Note: In the JSON output format, all of the tags related to an extracted entity or relation are nested within the entity markup tag. 

Instance Tag

Each mention of a predefined entity or relation type found by Intelligent Tagging is expressed as an Instance tag in the output file. The Instance tag describes the mention. It includes the “found” text string itself, the surrounding text, the location and offset of the text string.

Each instance is assigned a unique ID.

For example, Intelligent Tagging found the following mentions of Tim Cook, the CEO of Apple, Inc., in an article about the anticipated launch of the Apple Watch:

“All Eyes on Apple’s  Cook as Watch Launch Expected”

    	
            

 "instances": [

            {

                "detection": "[\n<Title> All eyes on Apple's ]Cook[ as Watch launch expected</Title> \n<Body> Edwin]",

                "prefix": "\n<Title> All eyes on Apple's ",

                "exact": "Cook",

                "suffix": " as Watch launch expected</Title> \n<Body> Edwin",

                "offset": 40,

                "length": 4

            },

“Apple Inc Chief Executive Officer Tim Cook on Monday is expected to announce details of the first product developed under his leadership, a watch that Apple hopes will transform the market of wearable technology.”

    	
            

{

                "detection": "[9 (Reuters) - Apple Inc Chief Executive Officer ]Tim Cook[ on Monday is expected to announce details of the]",

                "prefix": "9 (Reuters) - Apple Inc Chief Executive Officer ",

                "exact": "Tim Cook",

                "suffix": " on Monday is expected to announce details of the",

                "offset": 199,

                "length": 8

            },

“Apple Inc Chief Executive Officer Tim Cook on Monday is expected to announce details of the first product developed under his leadership, a watch that Apple hopes will transform the market of wearable technology.”

    	
            

 

{

                "detection": "[details of the first product developed under ]his[ leadership, a watch that Apple hopes will]",

                "prefix": "details of the first product developed under ",

                "exact": "his",

                "suffix": " leadership, a watch that Apple hopes will",

                "offset": 287,

                "length": 3

            },

“Apple will have to ‘tweak’ its stores to handle the watch, Cook told the Telegraph newspaper recently.”

    	
            

{

                "detection": "[have to “tweak” its stores to handle the watch, ]Cook[ told the Telegraph newspaper recently. \n \nCook]",

                "prefix": "have to “tweak” its stores to handle the watch, ",

                "exact": "Cook",

                "suffix": " told the Telegraph newspaper recently. \n \nCook",

                "offset": 2079,

                "length": 4

            },

 

Entity Markup Tag

Intelligent Tagging identifies the instances that refer to the same thing and links them to each other. Each group of instances deemed to refer to a unique thing (e.g. one or more mentions of the same company, or one or more mentions of the same person or the same deal) results in a single Entity Markup tag in the output file. This is what we call the “extracted entity” or the “extracted relation.”
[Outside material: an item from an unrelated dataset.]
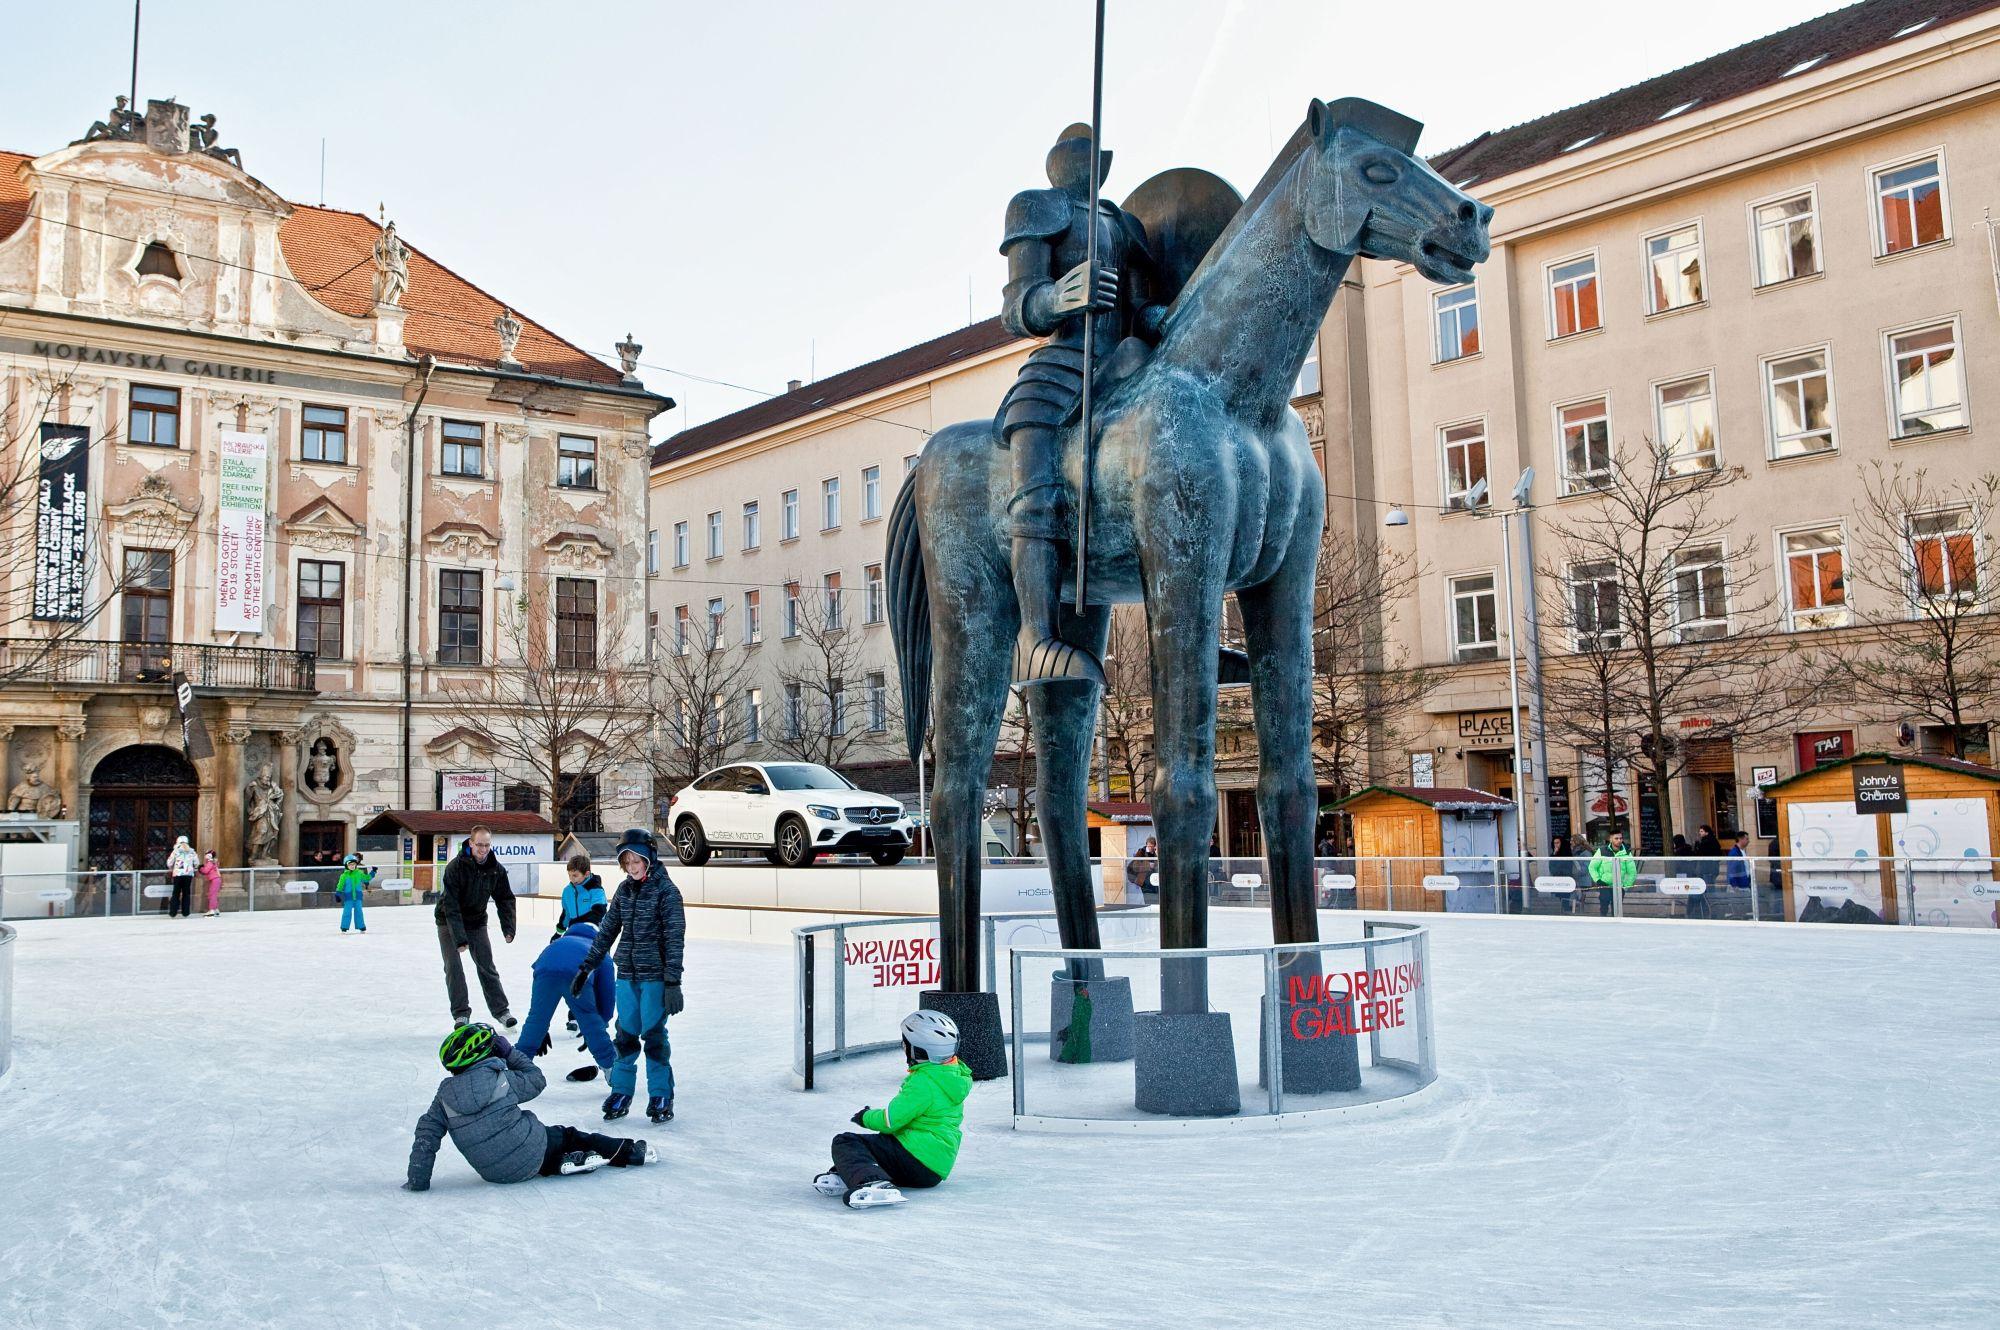 Bruslák (Ice rink)

Note that the original mentions do not have to be identical text strings in order to be recognized as referring to the same thing. For example, Tim Cook, may be referred to as “Tim Cook”, “Timothy Cook,” “Timothy Donald Cook,” “Mr. Cook,” “Cook,” and even “he,” or “his.” Each mention that refers to Tim Cook is expressed as an Instance in the output file; Intelligent Tagging identifies the instances that refer to the same thing (in this case, Tim Cook), and outputs a single extracted entity or relation, expressed in the output file as an entity markup tag.

The person entity (em/e/person) tag extracted for Tim Cook:

    	
            

 "http://d.opencalais.com/pershash-1/e4808181-2cd0-3670-b992-7467229ba691": {

        "_typeGroup": "entities",

        "_type": "Person",

        "forenduserdisplay": "true",

        "name": "Tim Cook",

        "persontype": "economic",

        "nationality": "N/A",

        "confidencelevel": "0.999",

        "commonname": "Tim Cook",

        "_typeReference": "http://s.opencalais.com/1/type/em/e/Person",

        "permid": "https://permid.org/1-404011",

Every entity markup tag has one or more related instances.

Intelligent Tagging assigns a unique ID (a hash tag) to the extracted entity. In this example, the hash tag for the extracted entity, Tim Cook, is pershash-1/e4808181-2cd0-3670-b992-7467229ba691. In the RDF output format, the same hash tag is displayed by the "subject" attribute of all the instance tags that identify mentions of Tim Cook, linking them to the extracted entity and to each other. Likewise, the "subject" attribute of any related Relevance, Confidence, and Resolution tags also displays the same hash tag. In the JSON output, this isn't necessary, because all related tags are already nested within the entity markup tag. 

 

Relevance Tag

All extracted entities have an associated Relevance tag that indicates how centric the entity is to the containing document. Relevance scores range from 0 to 1. The higher the score, the more relevant the entity is to the containing document.

    	
              "relevance": 0.8,
        
        
    

The high relevance score indicates that the person Tim Cook is indeed centric to this story.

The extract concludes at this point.